Impressively, AMÁLIA beats SOTA models like Qwen 3-8B on most Portuguese benchmarks (big win!)2. But Qwen 3-8B still beats us on ALBA for example, why? Is it because they did some Portuguese specific training? Unlikely. Which makes me wonder: How much more could we benefit from additional pre-training data in Portuguese?
I can only speculate. Are we even optimizing for the right thing?

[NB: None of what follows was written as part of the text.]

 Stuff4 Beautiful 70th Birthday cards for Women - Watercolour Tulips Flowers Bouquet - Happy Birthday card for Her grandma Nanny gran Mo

What should we be optimizing for?
The AMÁLIA team created four new benchmarks for European Portuguese. They cover a lot of ground. They focus on grammar, syntax, general knowledge, and (important!) whether it has a significant bias towards Brazilian Portuguese.
But I think there's a dimension the team missed: Are we actually measuring how much the model knows about Portugal?
It's a great opportunity to show that a model that is smaller, but has much more intrinsic knowledge about Portugal. Even when comparing with similar (or even larger) models. I don't think any of the benchmarks captures this dimension. Portuguese exams help - but don't fully solve the problem. I'm thinking: "What's the most famous dessert served in Aveiro?", "Who was the president of Portugal between 1978 and 1985?".
But I also think the best place to tackle this is the pre-training stage. This would require much more Portuguese data. And the team acknowledges that.
Final thoughts
First of all - I hesitated to write this one. I don't like to criticize anyone's work, especially on the internet. I'm happy Portugal invested in this. We have an incredibly talented team, and they deserve credit.
Second - it's very challenging to make a LARGE language model for such a TINY country and "language". The data is limited, but it's out there, we just need to get creative on how we find it.
Third - this is a good first step towards an exciting direction. The future is bright for European Portuguese LLMs! We just need to keep our minds, weights, data, and evals - open.